Here's my understanding of why it matters (you can read these rules of civil procedure for a clear explanation. It's for the state of Mississippi, but the same concepts apply). A motion to dismiss doesn't necessarily speak to the issues. For example, you can move to dismiss on the basis that the court has no jurisdiction. In that case, if your motion succeeds, the other side can refile somewhere else. Or if you didn't say something the way you should have, the judge may give you the opportunity to fix your complaint. In fact, that happened in this case. Novell's first motion to dismiss was granted in part and denied in part. And here they are again, with an improved version of their complaint to include the special damages wording.

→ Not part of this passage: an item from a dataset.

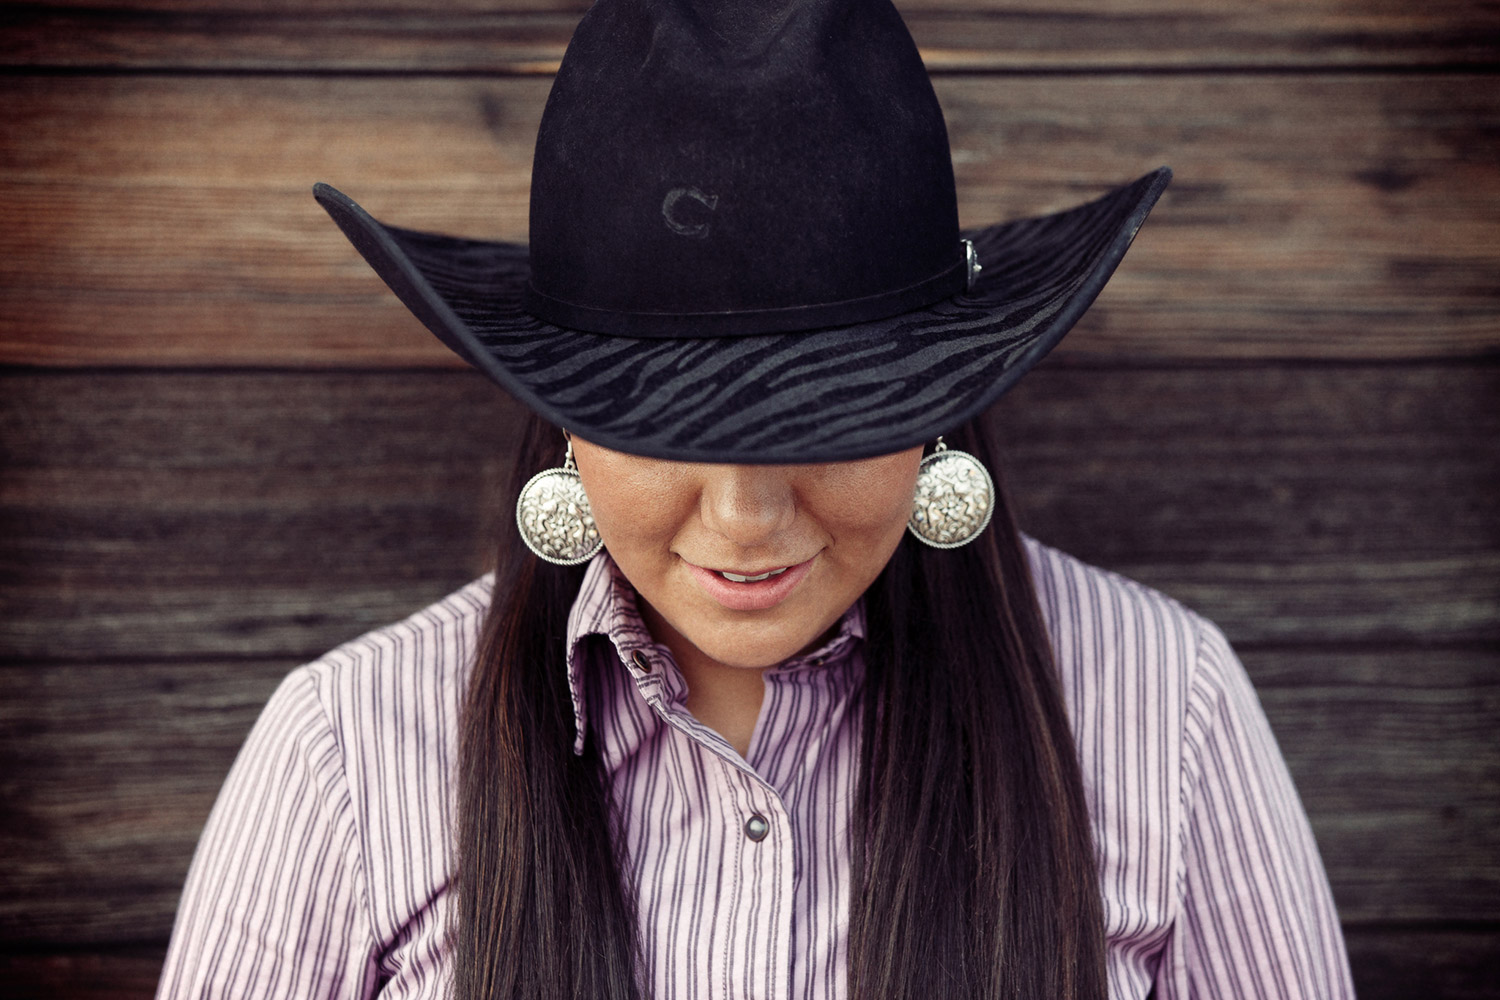 More cowgirl photos; this one is of a member of the MSU-Northern rodeo team poses for me outside of Havre, Montana.

A motion for summary judgment, in contrast, is, as implied by the name, a decision, a ruling on the issues raised in the complaint, in this case saying at least that there are no issues of triable fact, that there is nothing on the table that needs a trial, because there is no case. The issue of copyright ownership could conceivably come into play, but it wouldn't have to, because the complaint is on slander of title only. The other side can't fix or amend its complaint or change where it is filed or refile on the issues decided. Obviously, Novell would prefer to bring this show to a close, with a final curtain.